This is your typical "sorry i got drunk and tried to seduce you into having sex while you were throwing up" text.
What part of "waking up in the crawl space of my house with a raccoon" sounds like a good night to you?
I wish they had nachos that got you drunk
I don't know what's more sad having a rewards account at a liquor store or already racking up 273 dollar points since january
Dude. Hurry up. They just blessed the tequila.
You SHOULD feel empty, we were at the top of our game, and by that i mean snorting things we don't understand and only a few steps away from adultery.
I'm sorry. I think I have multiple personalities. Or it was the acid. Either way. I'm sorry.
i swear, as soon as they invent a cure for herpes, he's mine.
What's that word that means bigger and smaller and bigger and smaller, again?
Goddamn it, Jaime, it's 4am. Throbbing. The word is throbbing.

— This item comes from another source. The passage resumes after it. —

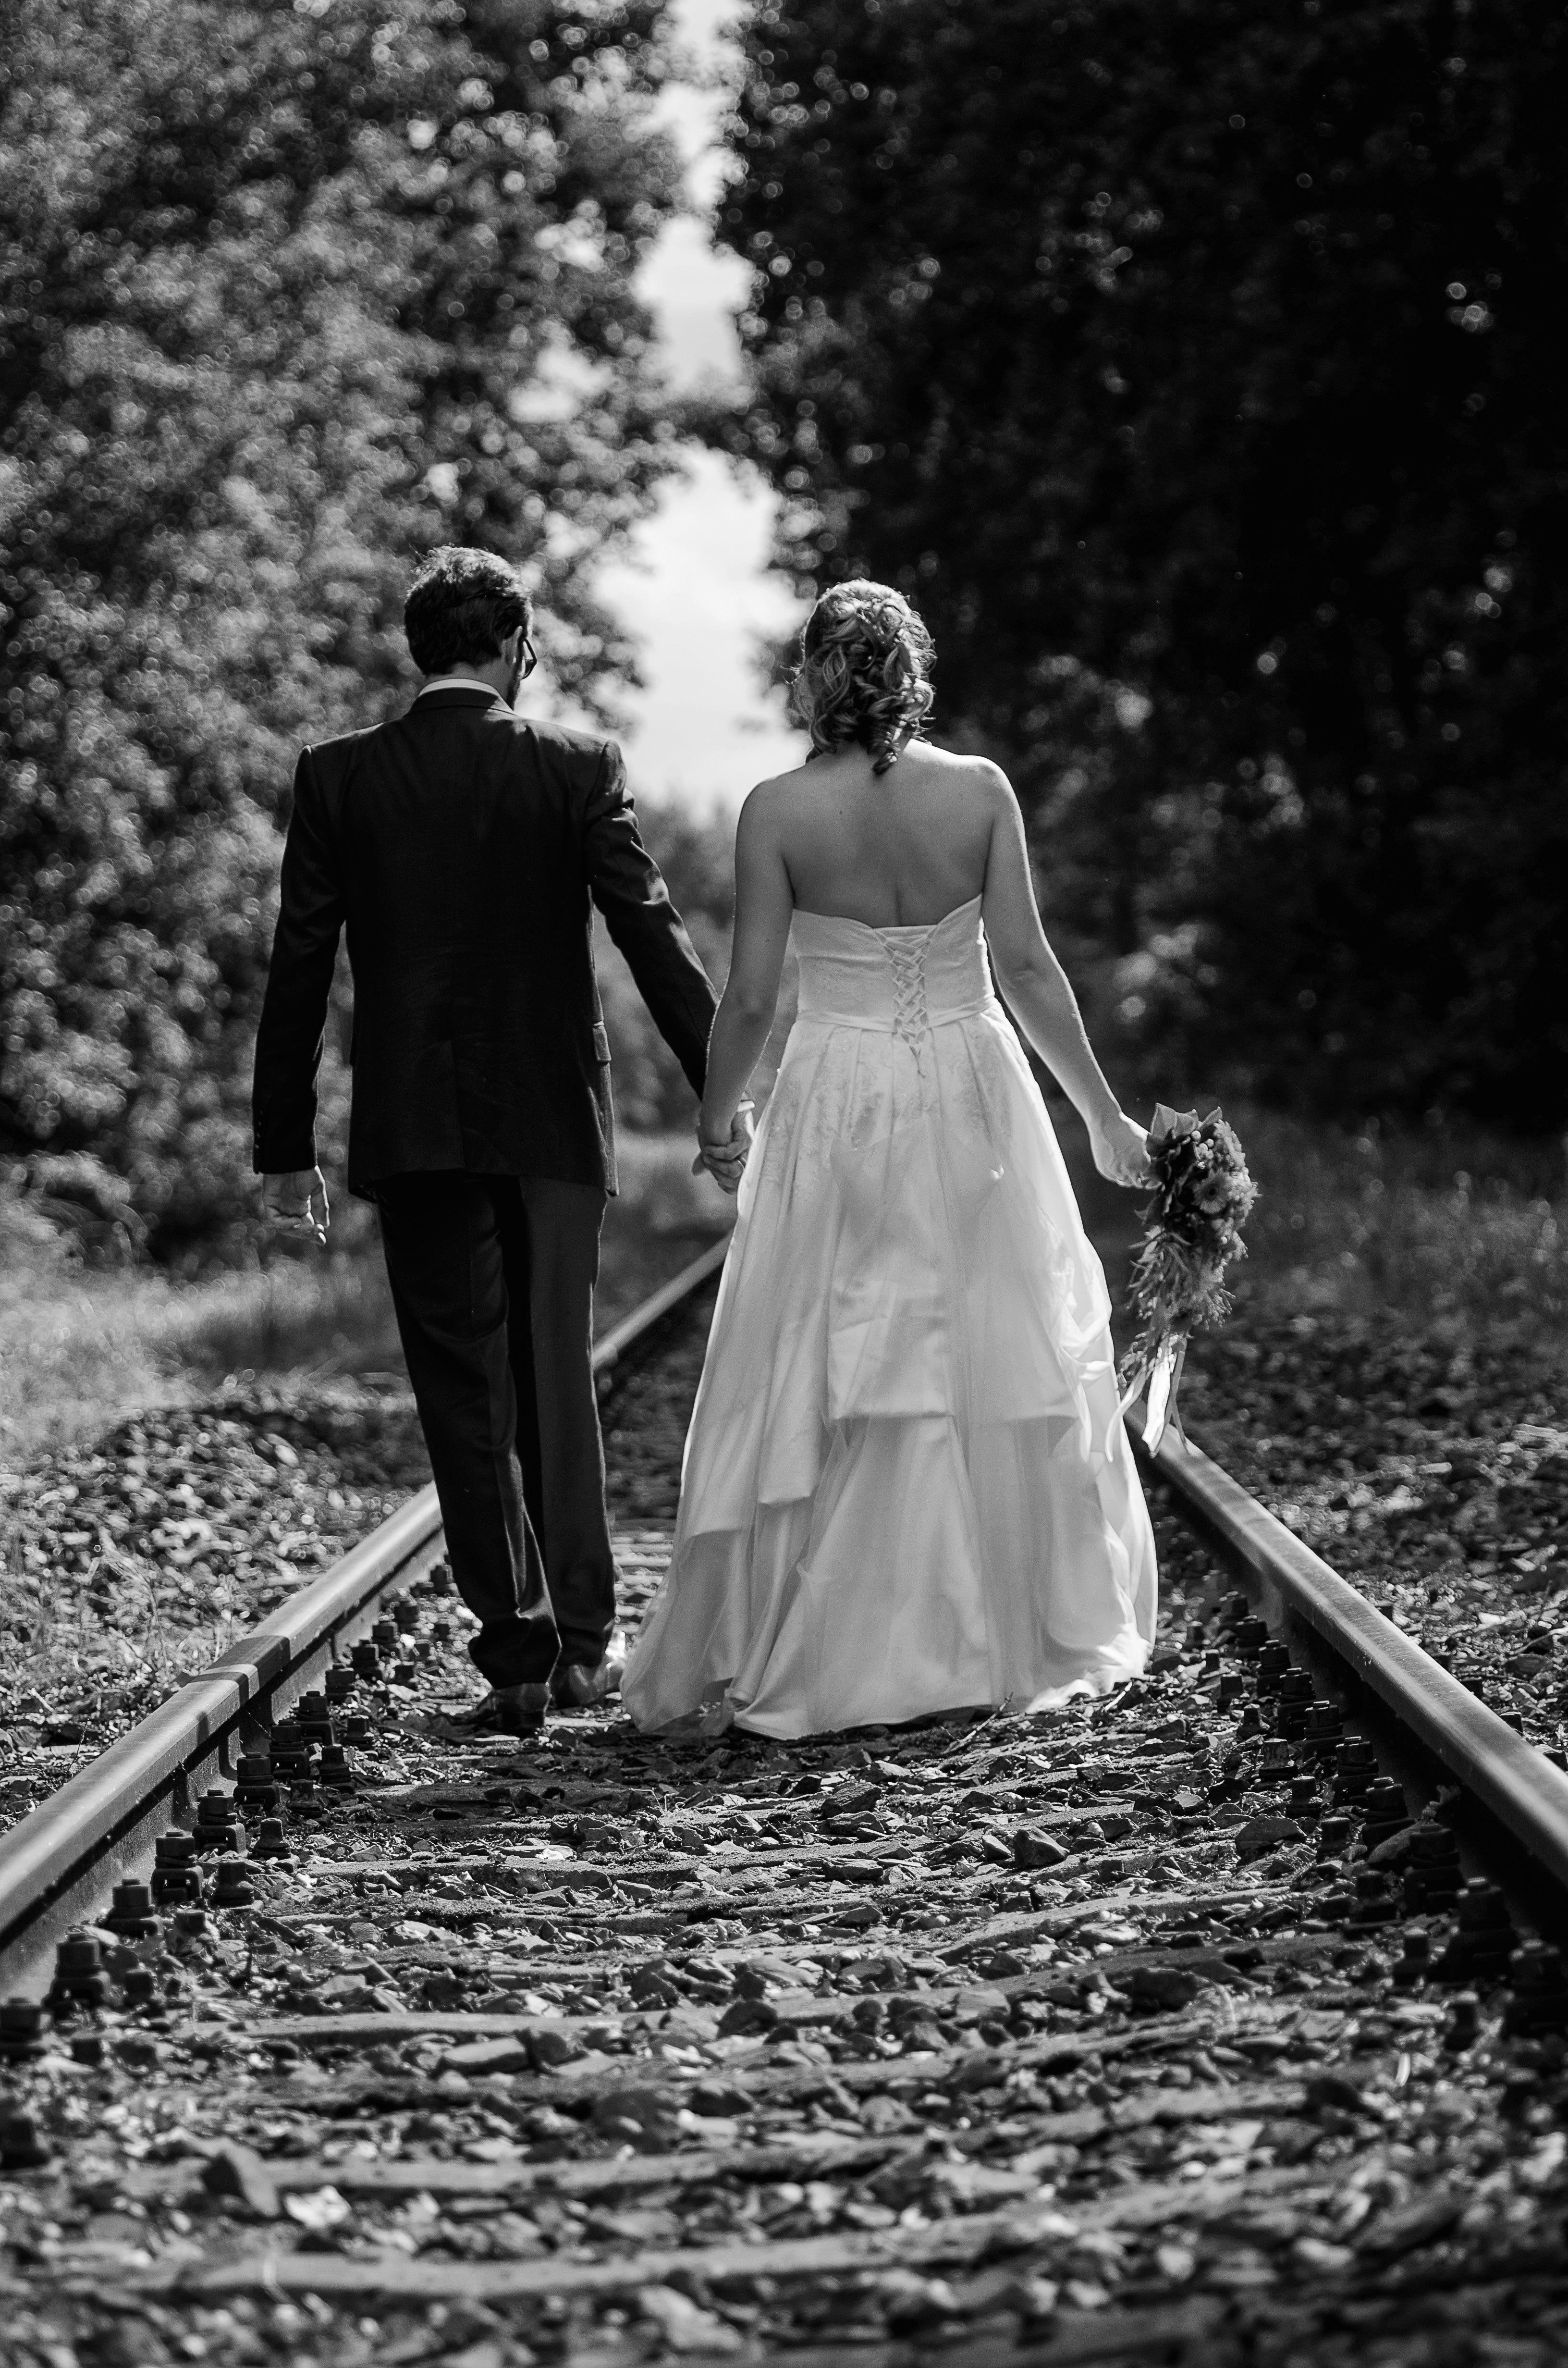 Wedding Photography - Black and white / Schwarz weiss - Hochzeitsfotografie - Couple, bride

You are COMPLAINING that the sex was too good. You're not getting any sympathy from me
Dude we smoked with a bunch of random stoners in a forest, then group hugged. It was the most magical thing we've ever done.
We have a shopping cart in our front lawn. Also Mickey D's breakfast?
How many Wendy's frosties do you think it would take to fill a bathtub?
Bringing my cat to a booty call was not my finest hour
I found out he hated a girl that I hate so I fucked him. My reasons for fucking guys are getting bad.